From cadre to manager
Embracing a market system doesn't come
naturally to most former managers of state-owned
firms. In a transition economy like Vietnam's, "there's a
huge amount of inertia to overcome," says Roger Ford,
senior adviser for academic affairs at the Hanoi School
of Business. "Many of these managers are 45 or 50
years old and suddenly everything they've been taught
doesn't apply any more."
In their former lives, wrapped in the prestigious mantle
of state protection, they never made a single decision
alone. And as government superiors dawdled over
approvals, business opportunities whizzed right by. The
first problem they face now is finding the confidence to
take charge.
"It takes at least two years for them to digest the idea
that they are really free to make their own business
decisions," says Pham Uyen Nguyen, deputy managing
director of BaoViet Securities Company in Ho Chi
Minh City. BaoViet has been busy advising Vietnamese
state firms undergoing a process called "equitization,"

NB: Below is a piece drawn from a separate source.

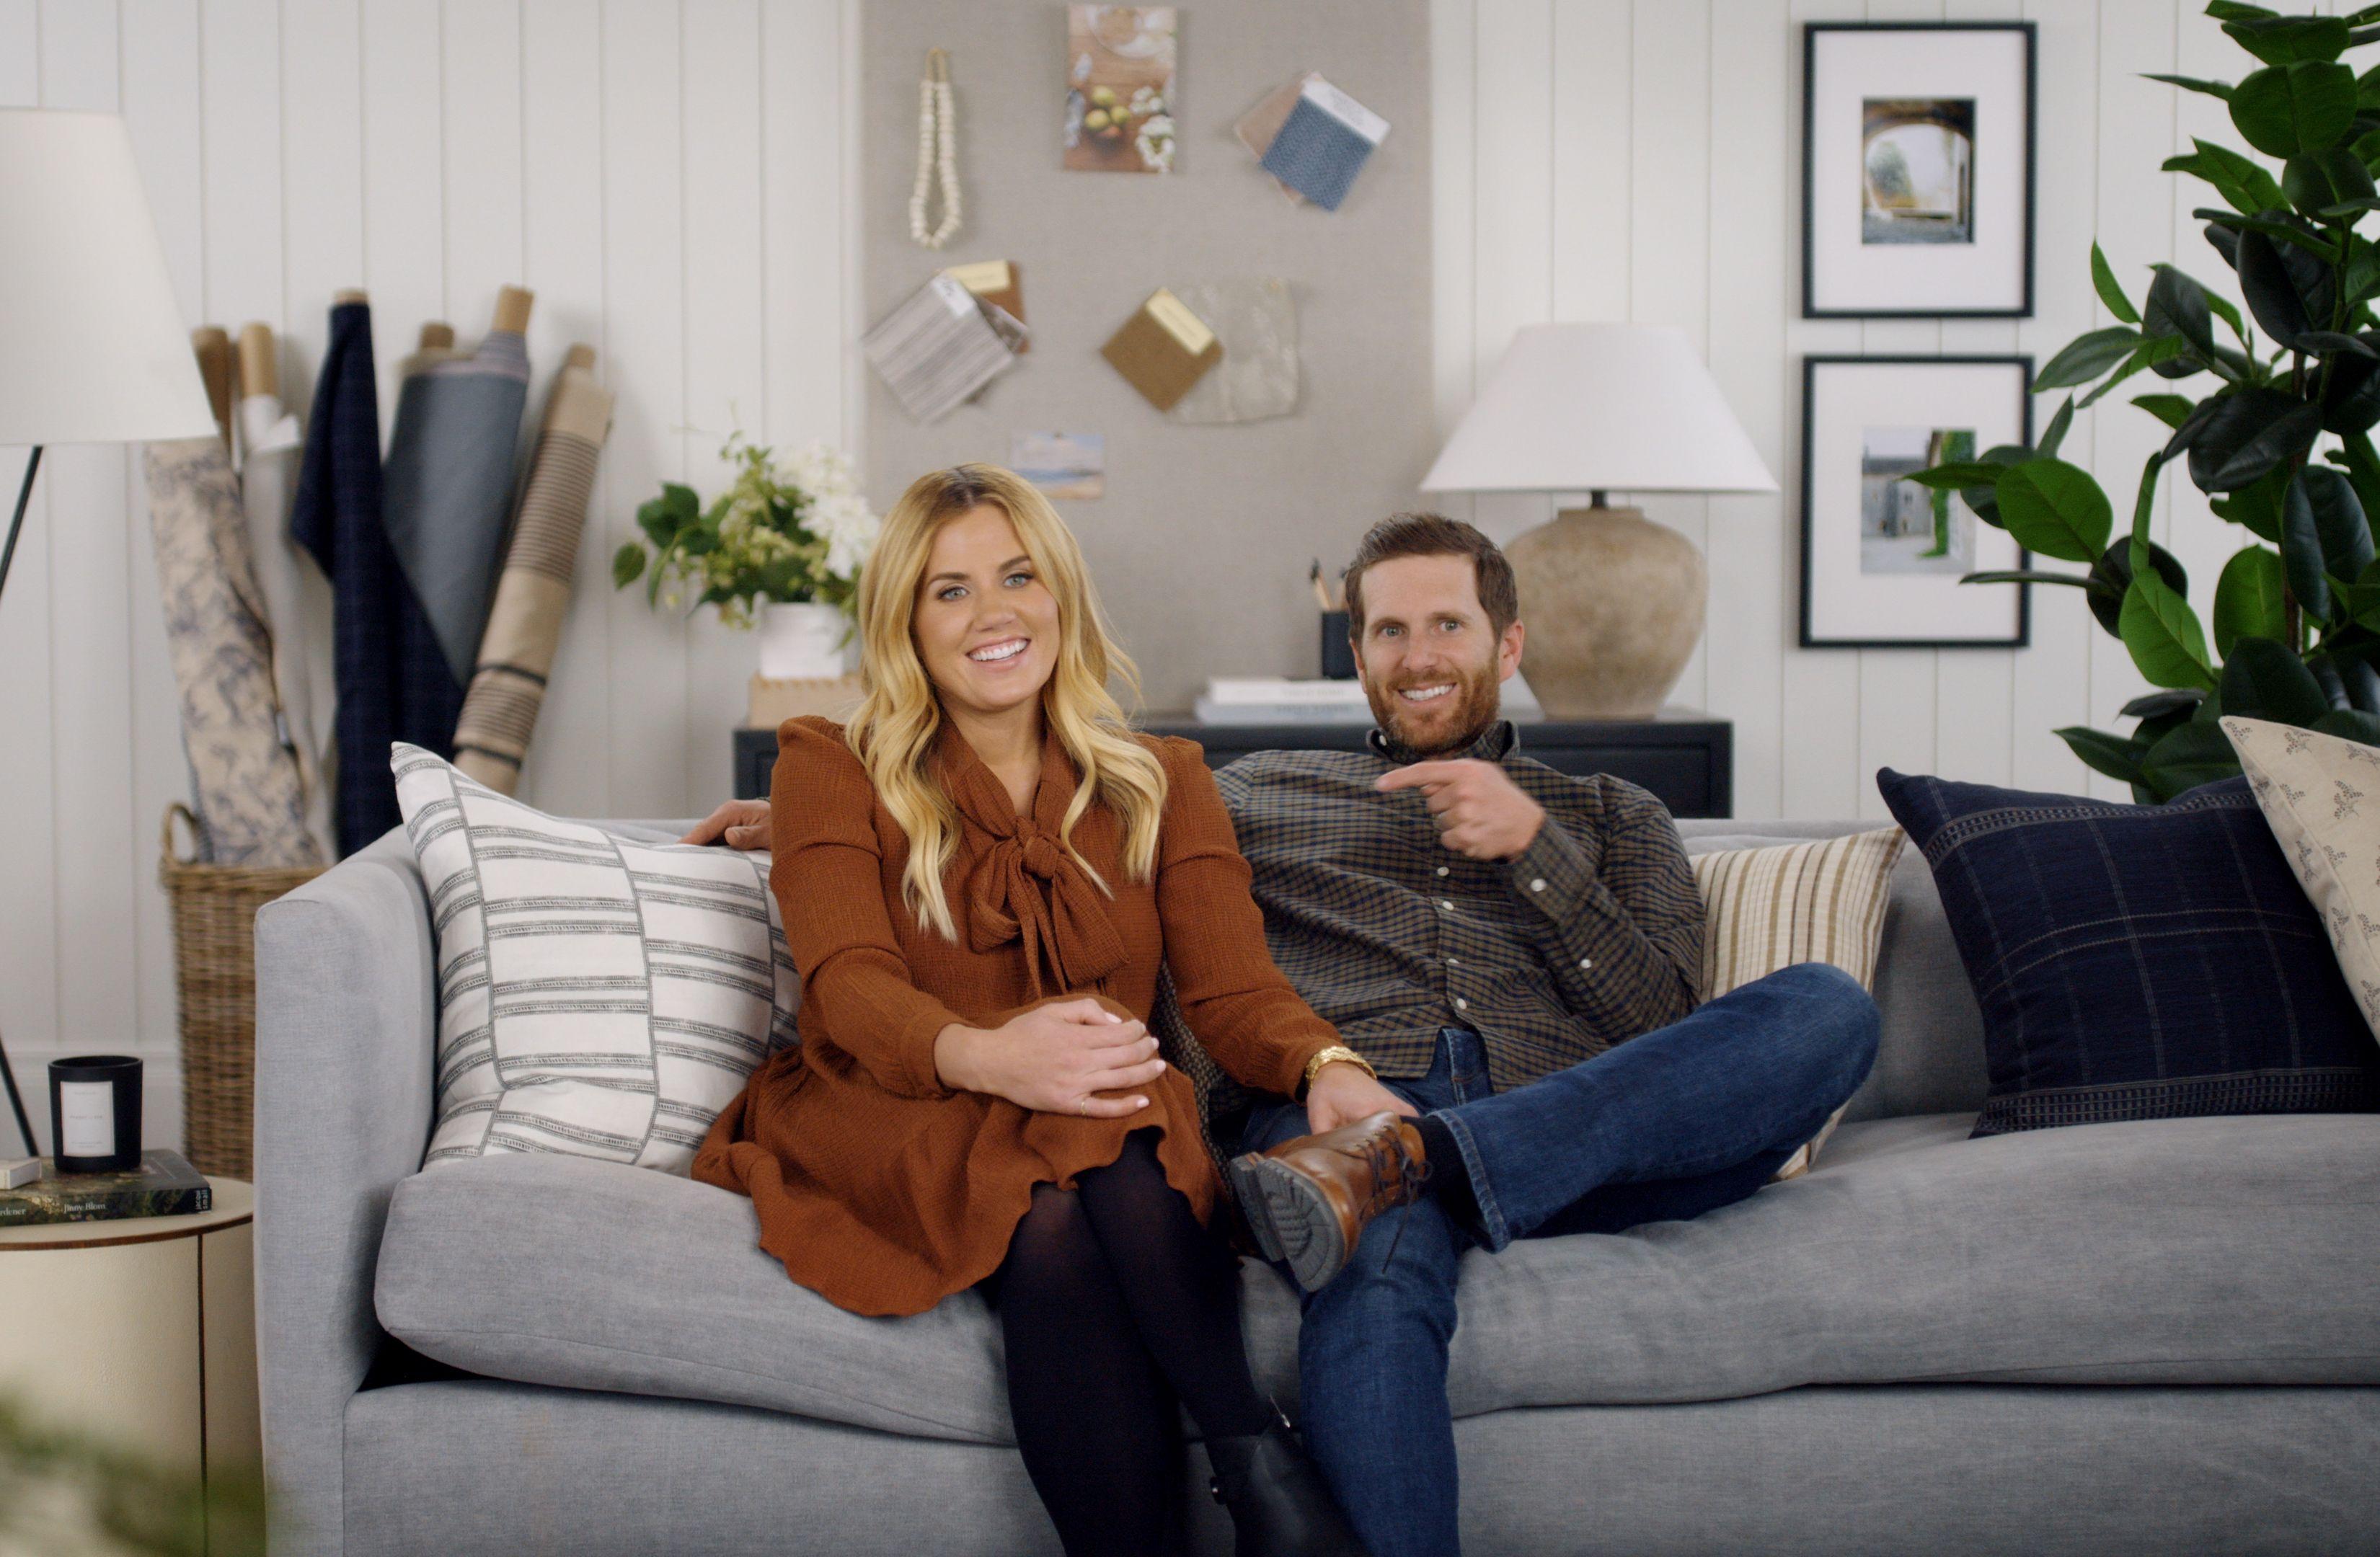 Meet Studio McGee: The Stars of Netflix's 'Dream Home Makeover'

whereby most company shares are transferred to
private hands and the state typically retains a minority
stake of 20%. The process is essentially the same as
privatization, but that remains a dirty word in Vietnam.

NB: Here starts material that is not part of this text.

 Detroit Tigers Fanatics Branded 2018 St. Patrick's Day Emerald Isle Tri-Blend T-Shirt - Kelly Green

Over the past decade, 710 Vietnamese state
companies have passed into private hands. But the
pace is slowing, with just 132 companies taking the
plunge in 2001 compared to 212 last year. At this rate,
it looks unlikely that Vietnam will reach its target of
transforming more than 1,800 out of the nation's 5,571
state-owned companies by 2003, mainly because so
many managers remain resistant to change. They know
their heads will be on the block if profits don't improve.

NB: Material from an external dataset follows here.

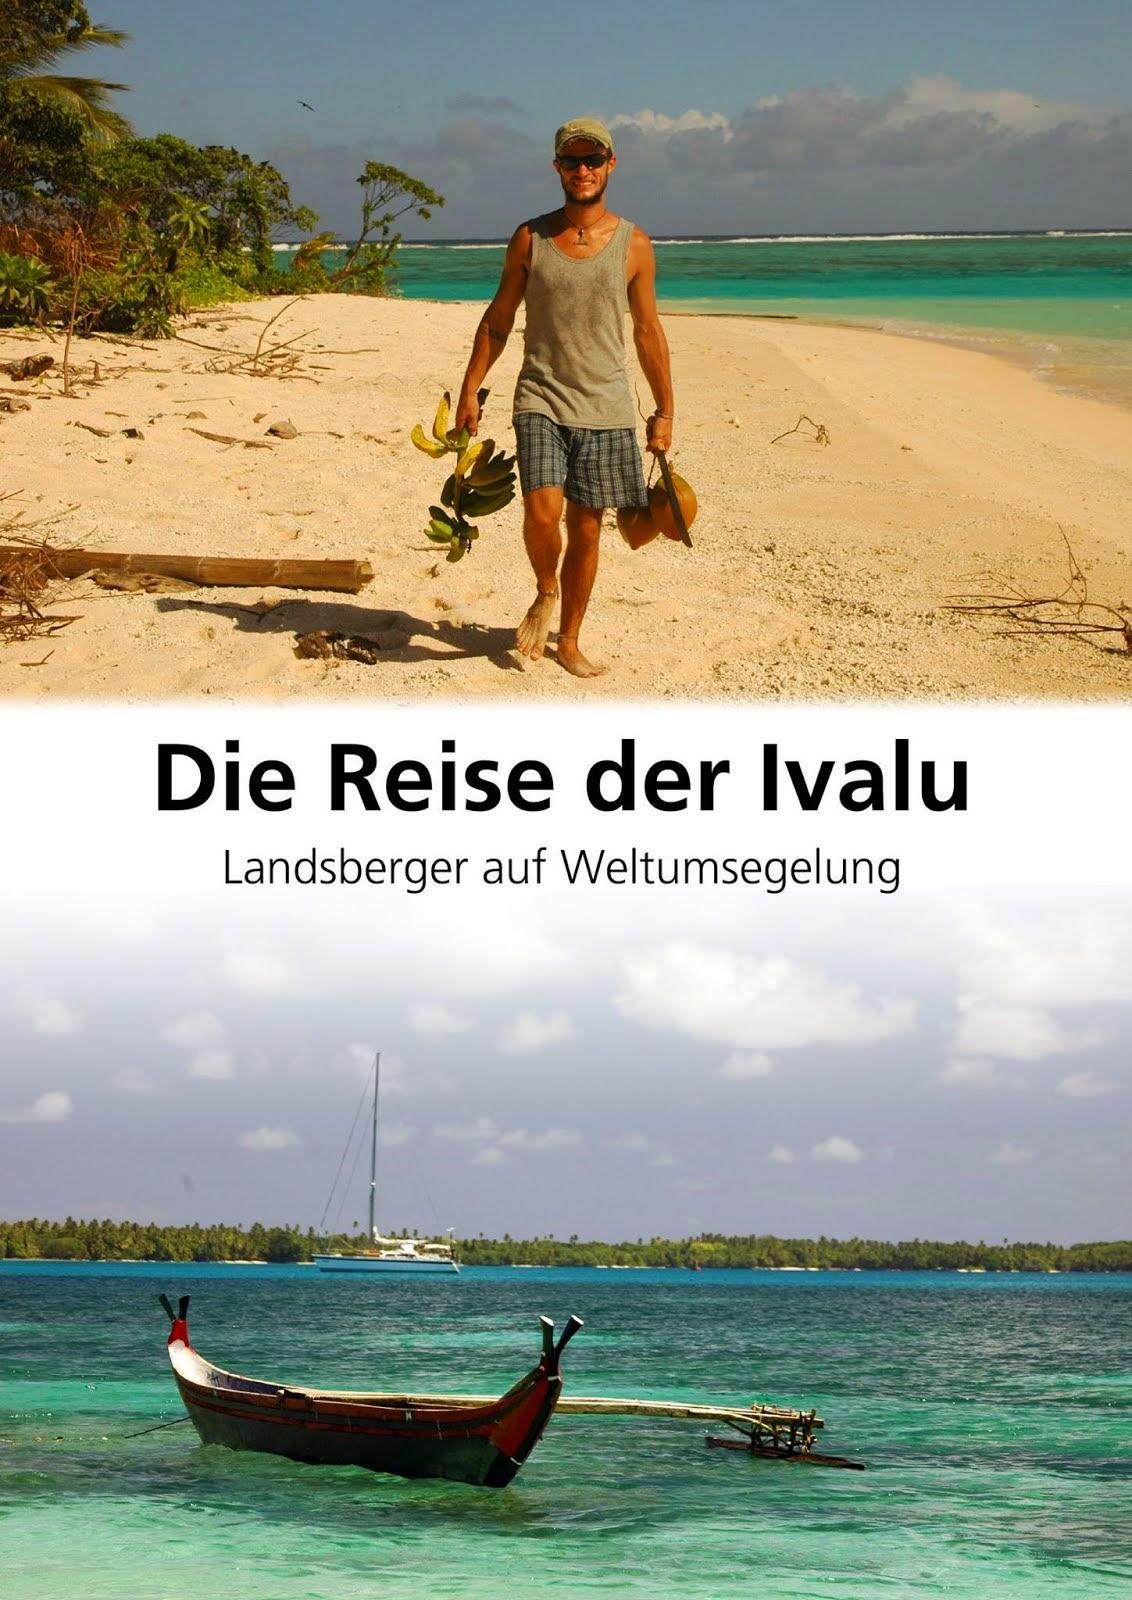 """Die Reise der Ivalu"" im Kino"

But there are some pioneers worth watching, as they
grapple with the pressures of adapting to the
marketplace.
Nguyen Thanh Phuong finds the new pace frenetic but
lucrative. As a vice-director of Thien Huong, a Ho Chi
Minh City-based company that produces noodles and
sauces, he's responsible for pumping out six new
products each month--varying the contents and
packaging to suit divergent tastes of customers in the
north, south and central regions.
"The pressure on managers of equitized companies is
30 times as much as in state firms," Phuong says. "We
feel more pressure to create jobs, pay salaries and
provide higher dividends for workers." Consensus-style
decision-making has vanished. "We work very
independently," he explains. "We have to decide by
ourselves right away and take responsibility for those
decisions."
Since the company went private in October 2000,
Thien Huong has hired Japanese consultants, set up two
separate units for marketing and product research and
sent the entire marketing staff for short business
courses. Monthly revenues have reached 27 billion-30
billion dong ($1.78 million-1.98 million), compared with
just 18 billion-20 billion dong under state ownership.
Managers are also adjusting to more freedom in dealing
with recalcitrant employees. Under the state system, it
was particularly difficult to fire anyone--even just a
transfer of a politically well-connected employee could
prompt an unpleasant backlash.
Back to school
Nguyen Duc Thanh learned about customer care at the
Hanoi School of Business and applied those lessons to
the West Lake Recreation Park. He has no regrets
over firing 30 staffers in the past year for speaking
rudely to the park's visitors. "If a state company took
over a park like this, they would never succeed," says
Thanh, a former manager of a state-owned construction
firm. "No one would speak sweetly to the customers
and they would all run away." To drive the lessons
home, Thanh recruited some business-school lecturers,
and set up brainstorming sessions with employees on
how to improve services to families.
Motivation is also on display at Hanoi's Thach Ban
Brick and Tile Share Company, which went private in
November 1998. Nobody takes the local construction
boom for granted any more--sales agents now pitch
products directly to construction-site supervisors and
homebuyers.
And at the Ham Long Joint Stock Company, heads of
manufacturing units who don't meet their targets will
bear the consequences. "We give them three months to
work out a solution. If not, they will be assigned to
other units," says Le Thang Loi, director of the
Hanoi-based company. So far, Loi has been forced to
transfer one unit head.
Before the company went private in 1998, it was
churning out clocks and watches. But Loi says they
couldn't compete with cheaper products smuggled in
from China. So it hired ambitious managers from
outside, retrained workers and began making
ping-pong tables--further proof that radical change can
triumph over conservative instincts.
By Margot Cohen - The Far Eastern Economic Review - December 20, 2001.